GIVEN MATERIAL section start
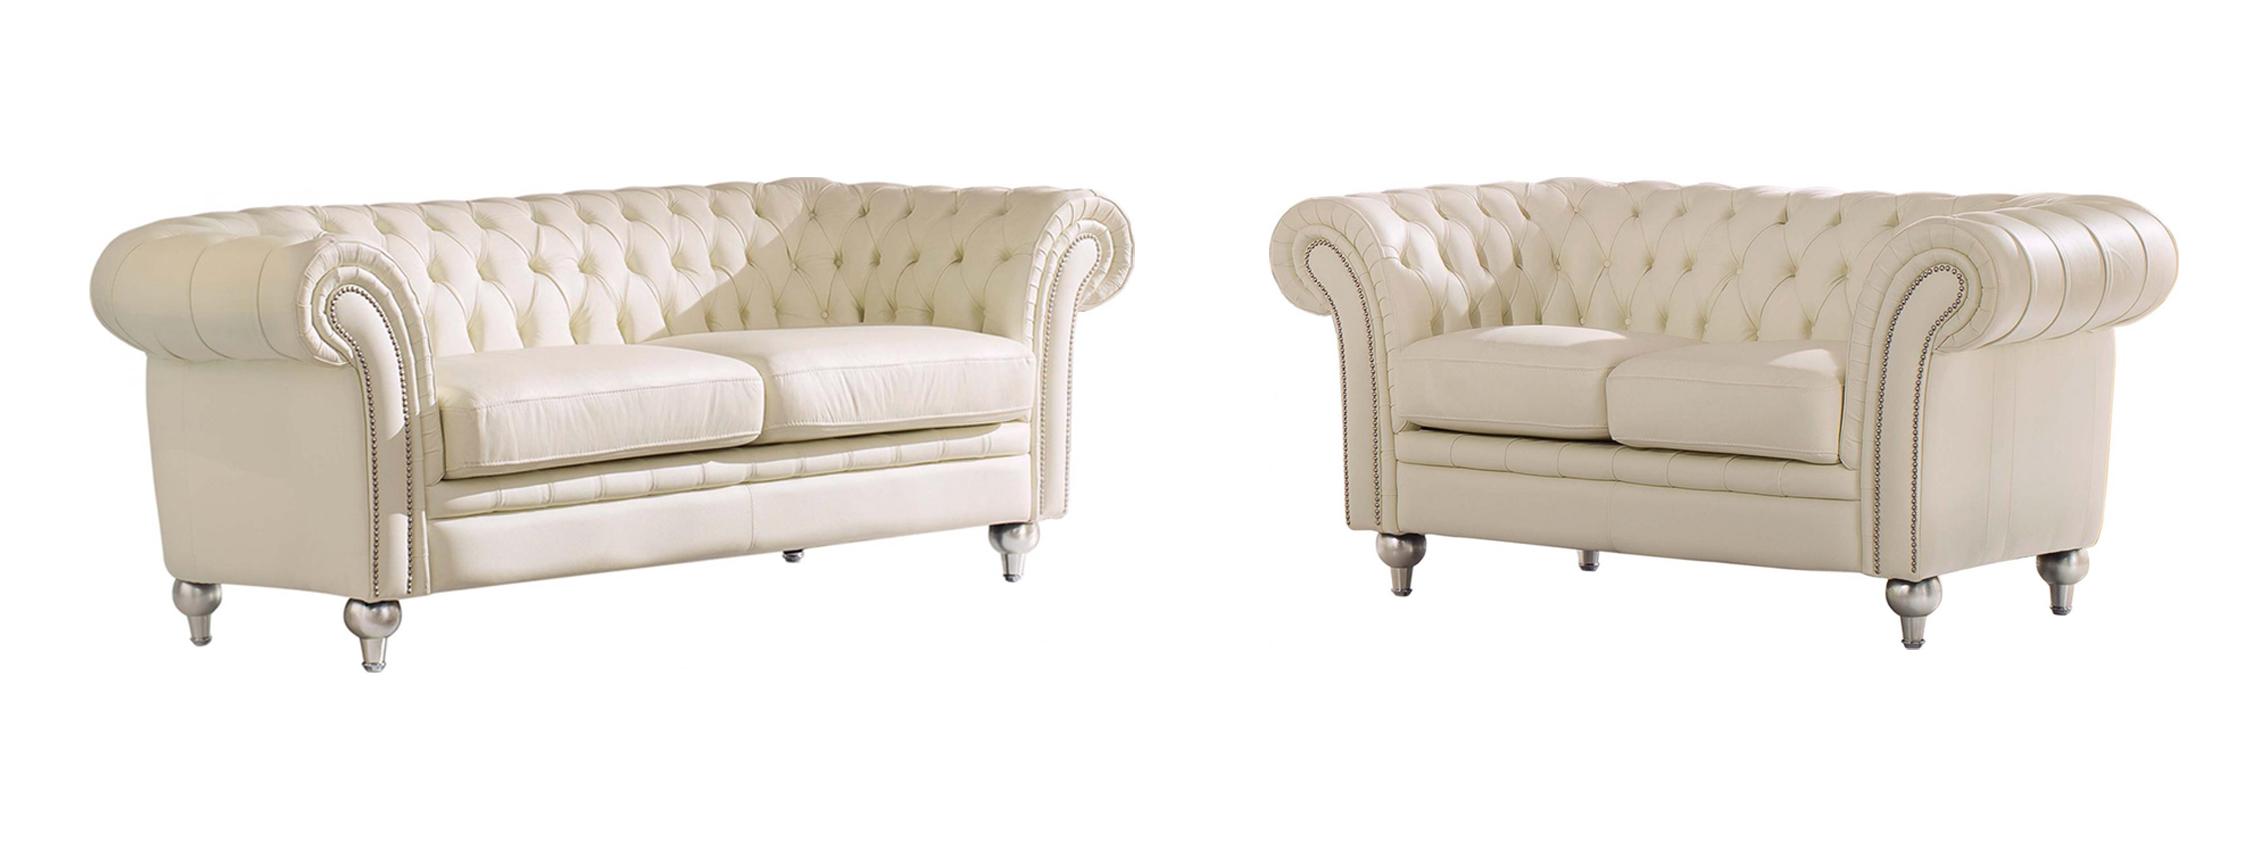 Contemporary Sofa and Loveseat Set LH2044-IV-S/L LH2044-IV-Sofa Set-2 in Ivory Genuine Leather
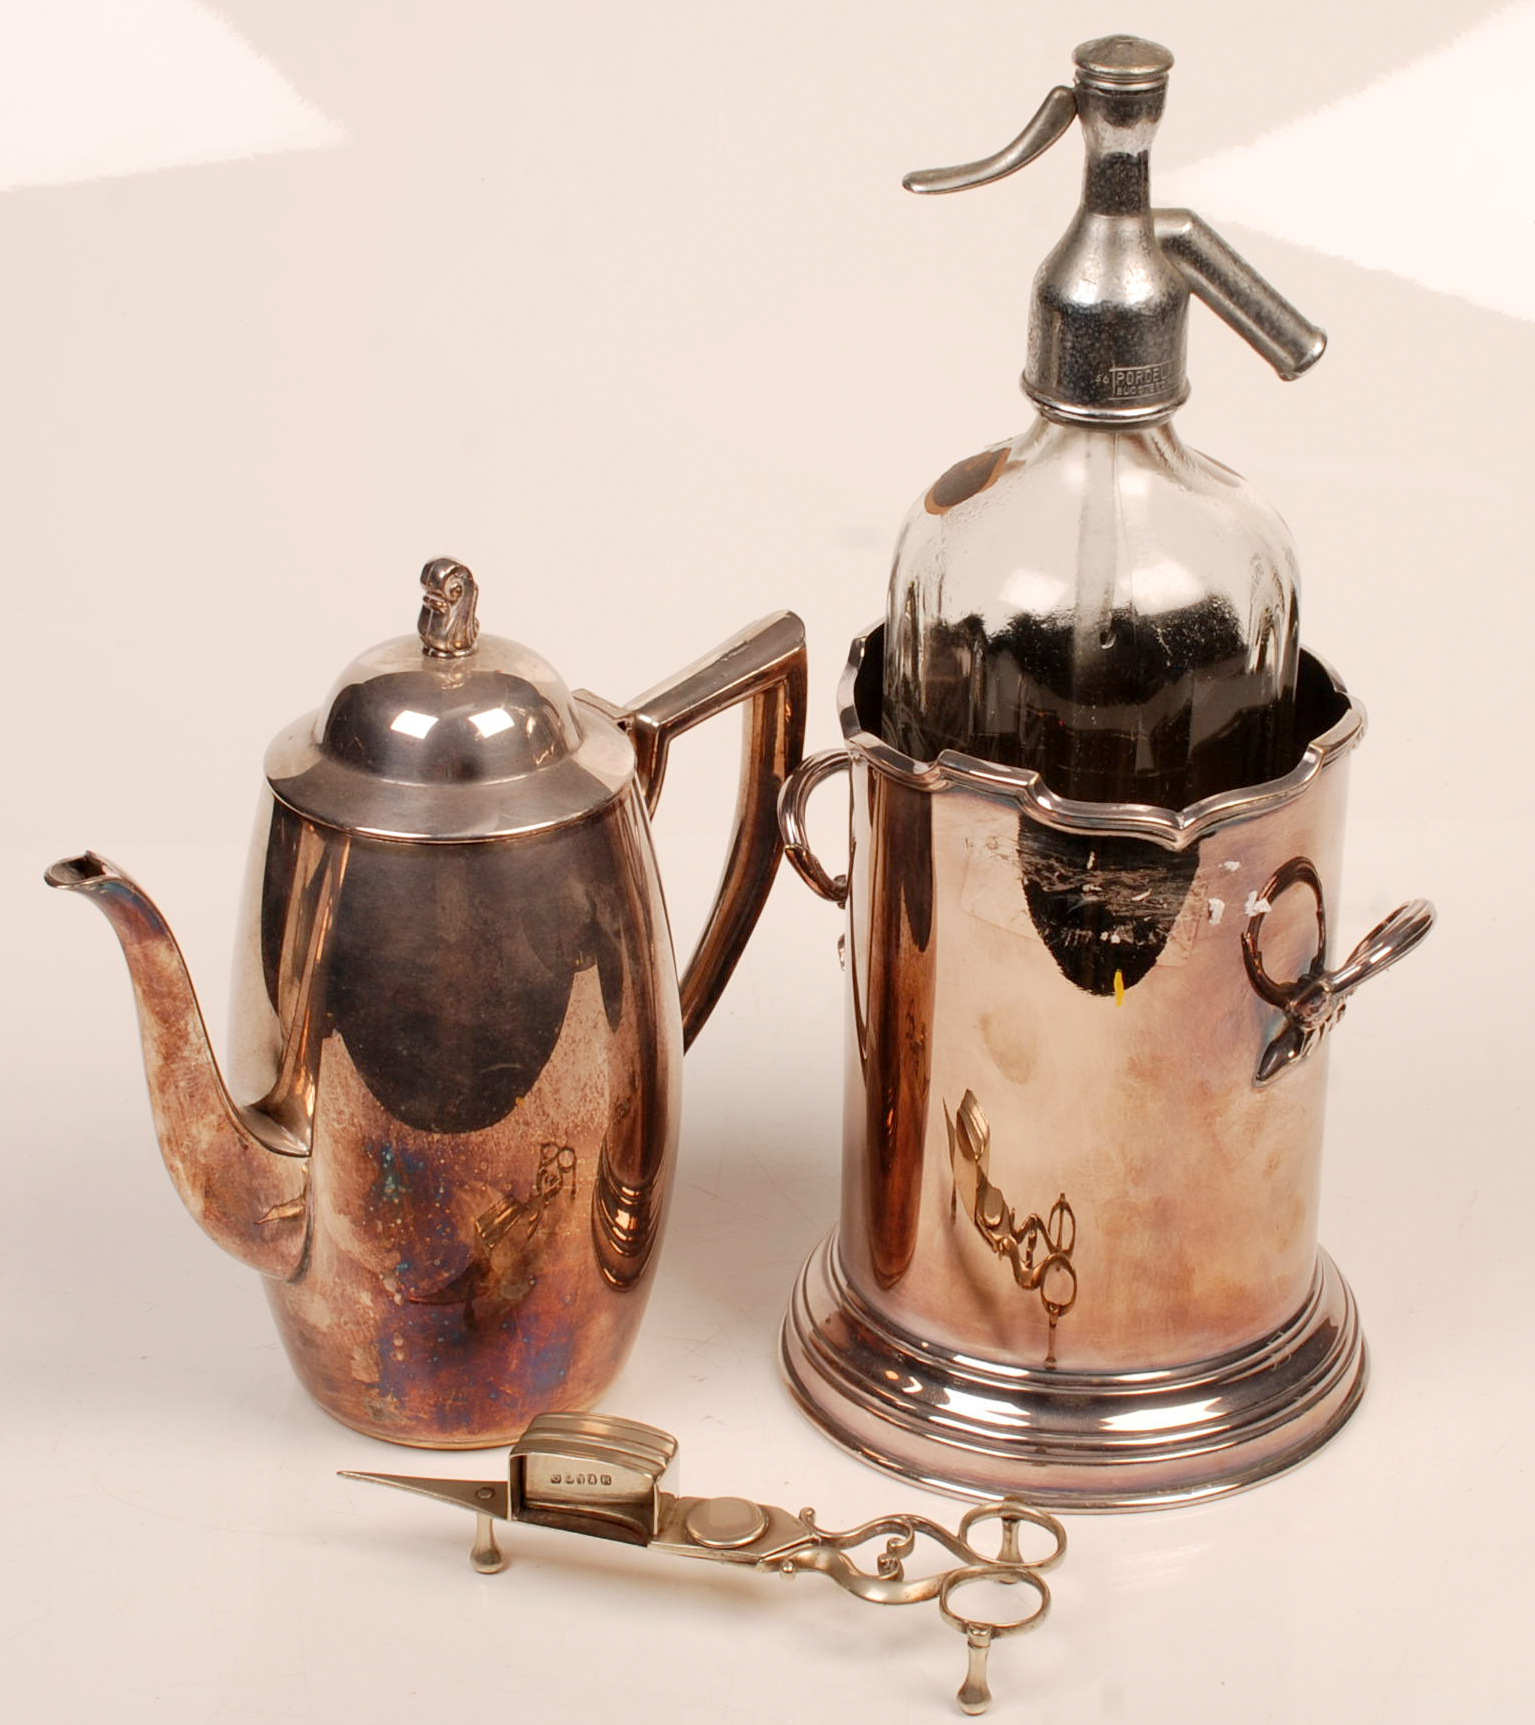 A soda syphon stand by John Pound & Co. with cast handles, a jug with a cast finial and a pair of
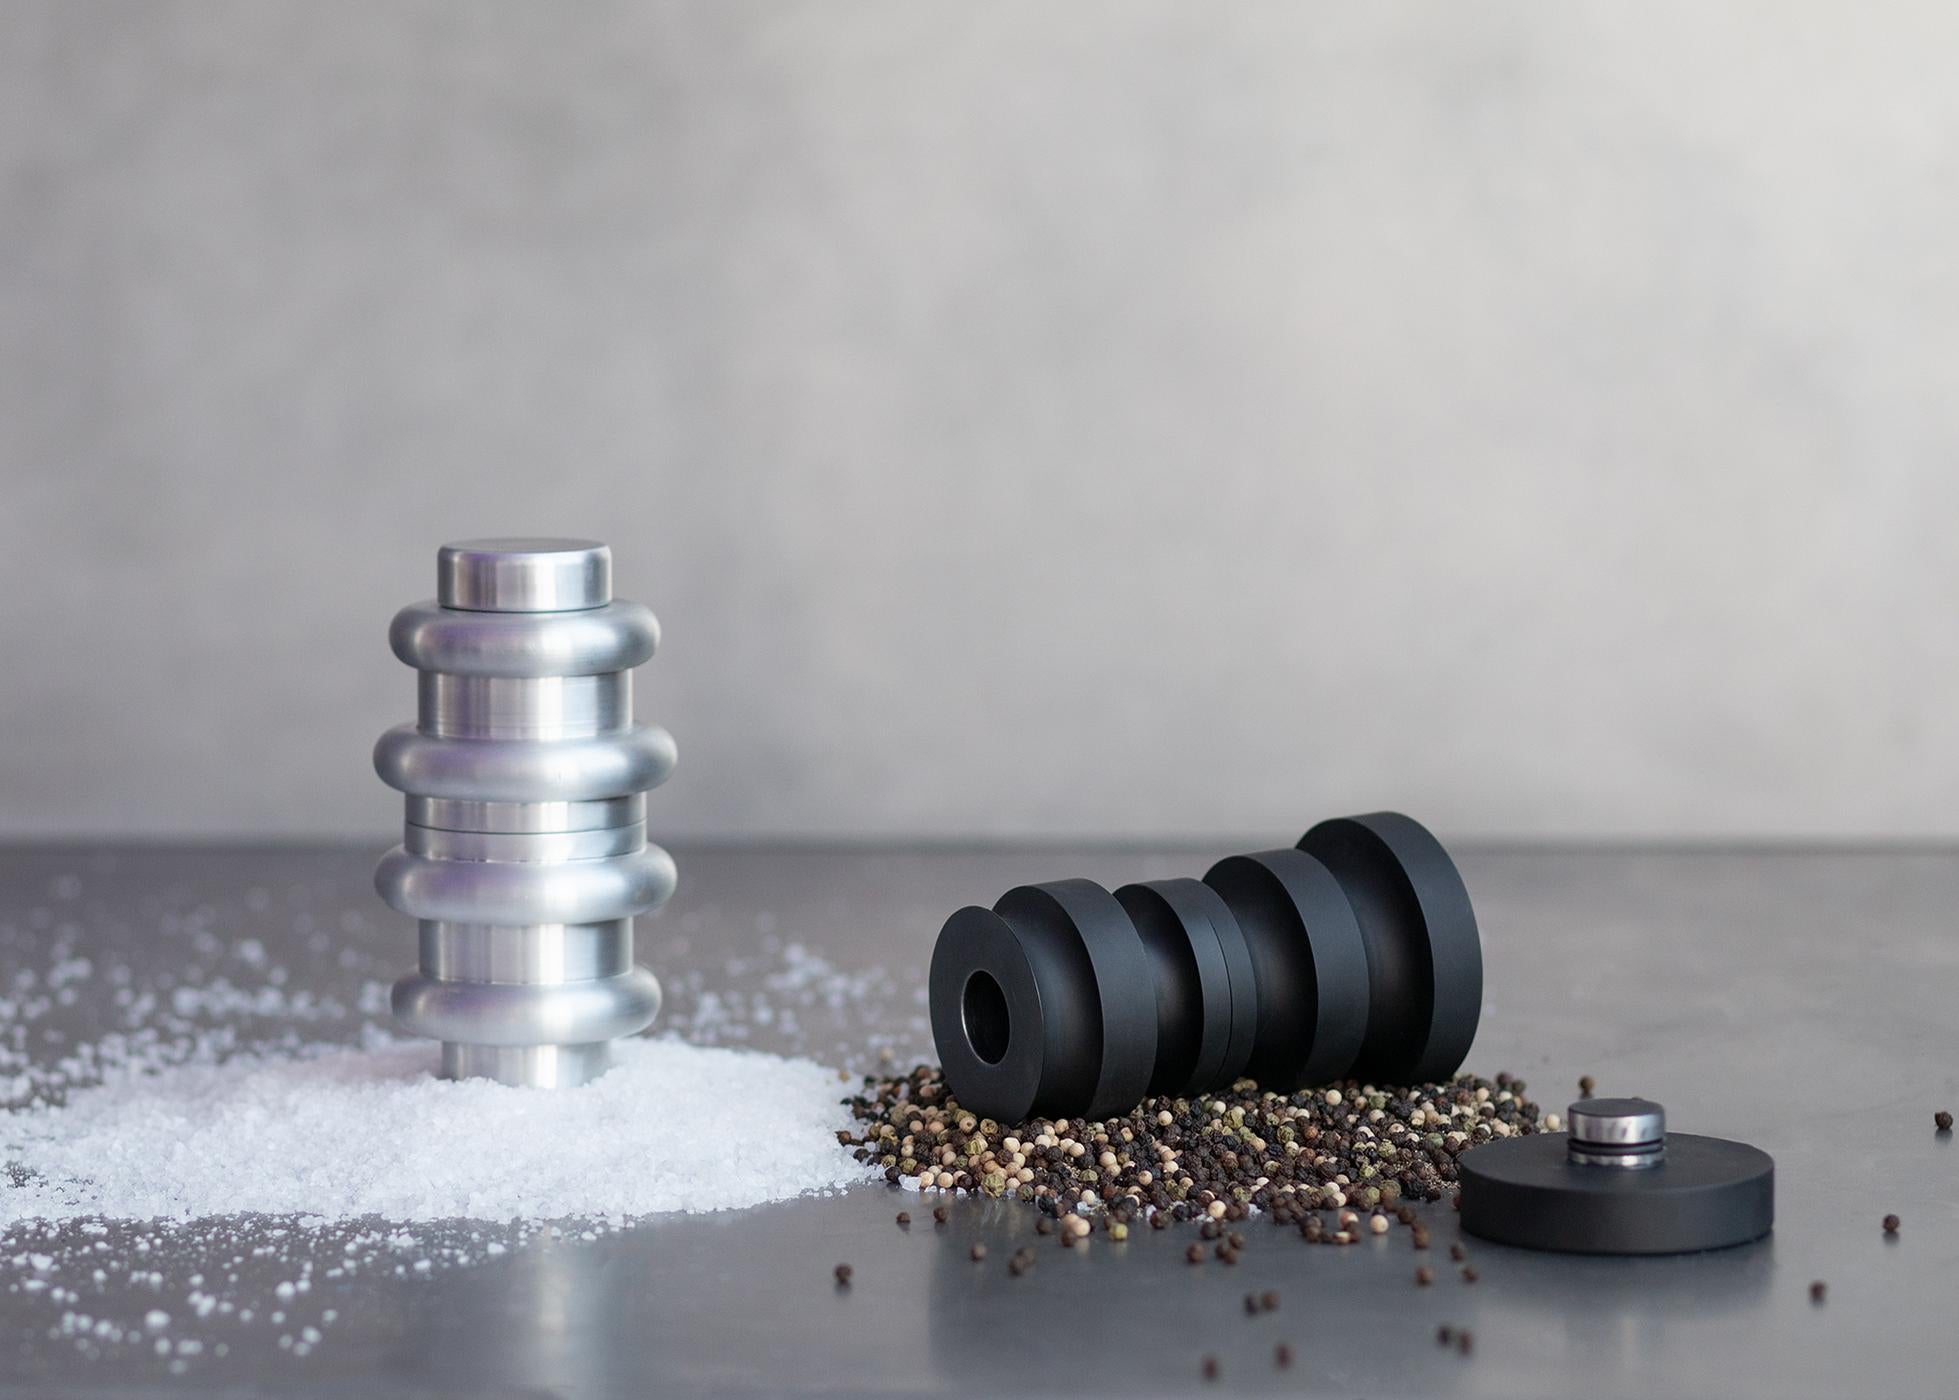 Inspired by mid-century Danish design, the Coupled Salt and Pepper Mills resemble wood turned objects and reimagine them in new and classic materials. Since salt and pepper go hand in hand, the forms nest into one another, echoing their function.
GIVEN MATERIAL section end
### WORK ORDER:
Copy the material above word for word, images excluded.

### WRITTEN ANSWER:
 Contemporary Sofa and Loveseat Set LH2044-IV-S/L LH2044-IV-Sofa Set-2 in Ivory Genuine Leather
 A soda syphon stand by John Pound & Co. with cast handles, a jug with a cast finial and a pair of
 Inspired by mid-century Danish design, the Coupled Salt and Pepper Mills resemble wood turned objects and reimagine them in new and classic materials. Since salt and pepper go hand in hand, the forms nest into one another, echoing their function.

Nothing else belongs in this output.